Closed Bug 1056143 Opened 10 years ago Closed 10 years ago

use excess pandas to backfill broken production pandas

Categories

(Infrastructure & Operations :: RelOps: General, task)

x86
macOS
task
Not set
normal

Tracking

(Not tracked)

RESOLVED FIXED

People

(Reporter: arich, Unassigned)

References

Details

Attachments

(1 file)

This bug is to track the production pandas that are broken and the pandas that we're going to take out of other chassis (which will be moving into storage) to backfill the broken production chassis.

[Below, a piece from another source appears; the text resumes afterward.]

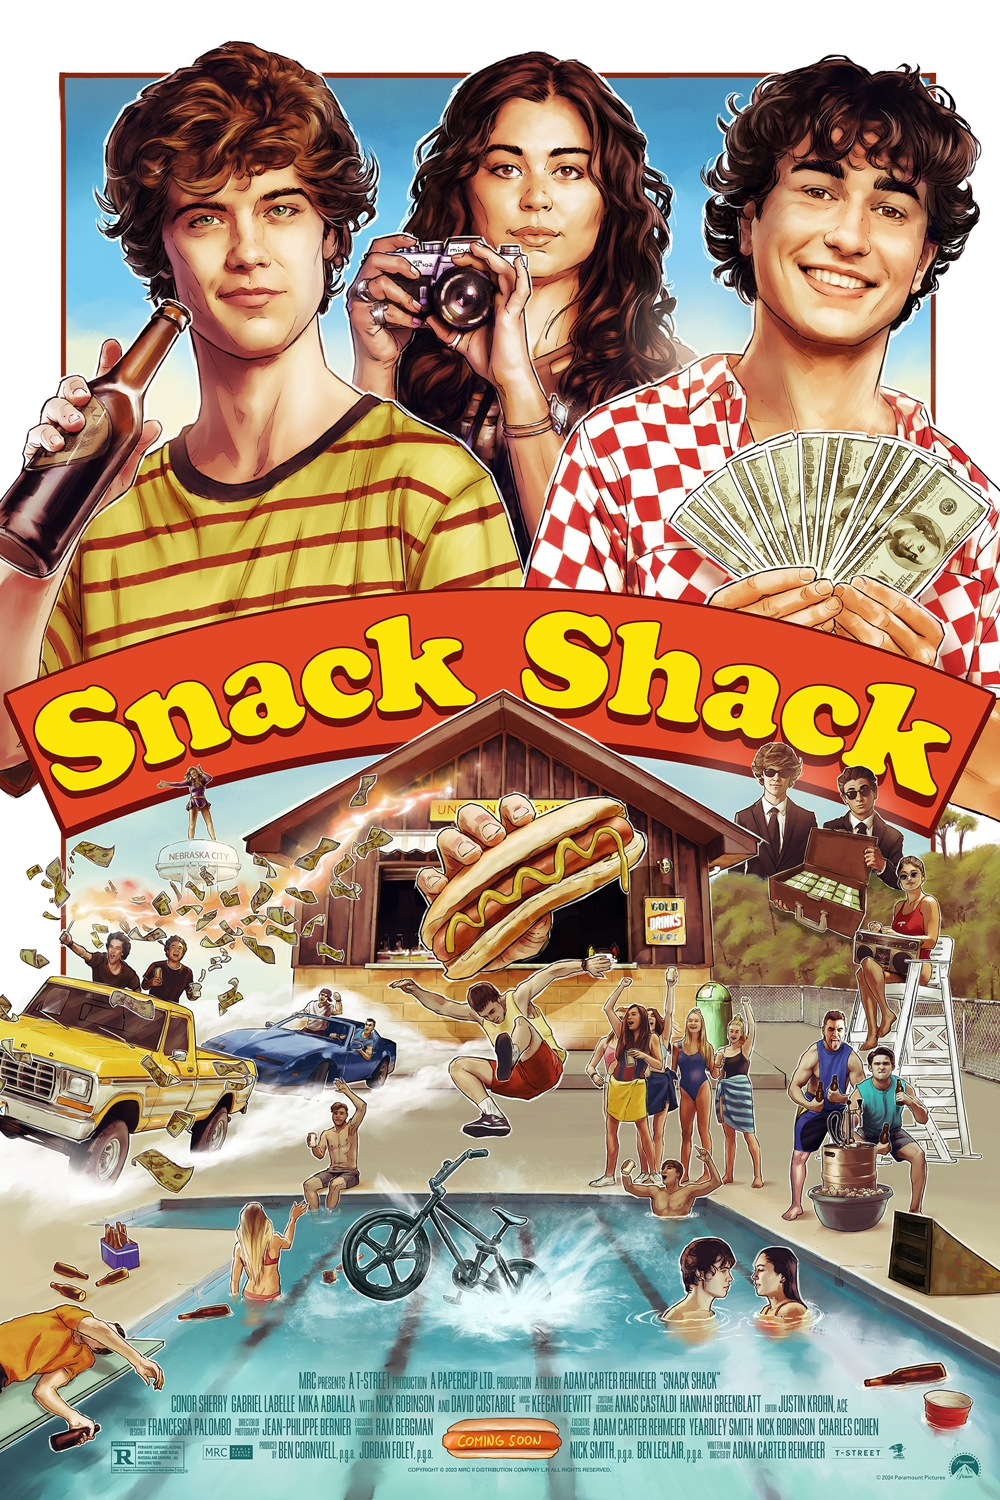 Snack Shack Movie Times | Showbiz Kingwood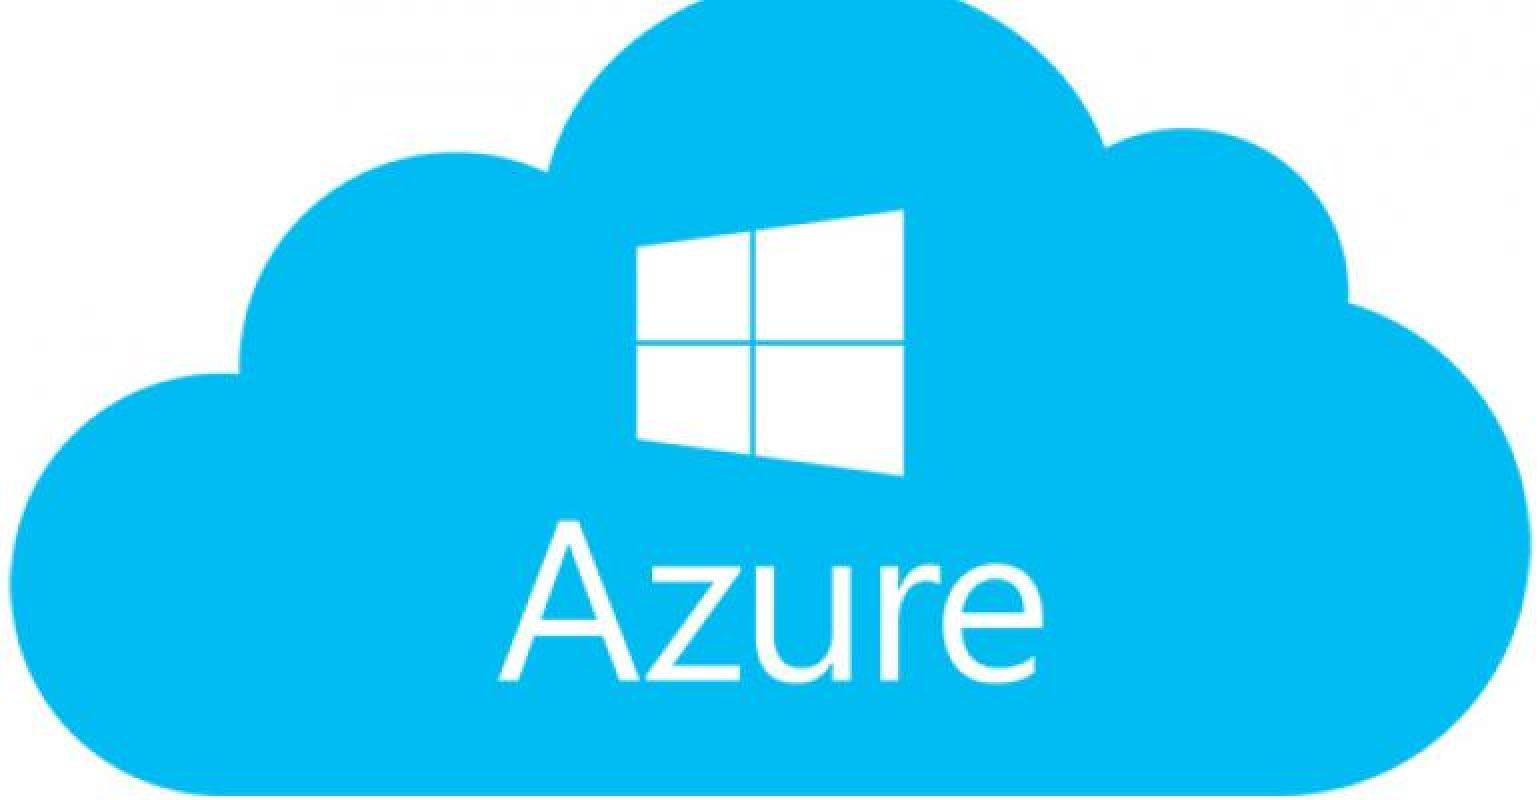 Microsoft Azure training for Beginners in San Diego | Microsoft Azure Fundamentals | Azure cloud computing training | Microsoft Azure Fundamentals AZ-900 Certification Exam Prep (Preparation) Training Course

Coop, can you please start by providing a list of the "broken" pandas so we can determine which we want to backfill and which chassis we want to put into storage?
Flags: needinfo?(coop)
Blocks: 1056145
Van just did resolved the most recent panda recovery bug yesterday, so I'm putting a bunch of questionable pandas back into service today that may or may not hold up.

There are a few known-bad pandas I can add to the list today, but I want to see how those recovered pandas hold-up before adding ones from that list.
Flags: needinfo?(coop)
I've added the disabled pandas as dependencies, but here's a list in case that's easier:

* panda-0091
* panda-0126
* panda-0129
* panda-0157
* panda-0191
* panda-0219
* panda-0257
* panda-0370
* panda-0373
* panda-0460
* panda-0476
* panda-0490
* panda-0539
* panda-0584
* panda-0587
* panda-0592
* panda-0643
* panda-0647
* panda-0681
* panda-0726
* panda-0730
* panda-0731
* panda-0734
* panda-0736
* panda-0747
* panda-0749
* panda-0778
* panda-0797
* panda-0803
* panda-0807
* panda-0819
* panda-0832
* panda-0834
* panda-0835
* panda-0848

I'll mark them all for decomm in slavealloc and the relevant bugs.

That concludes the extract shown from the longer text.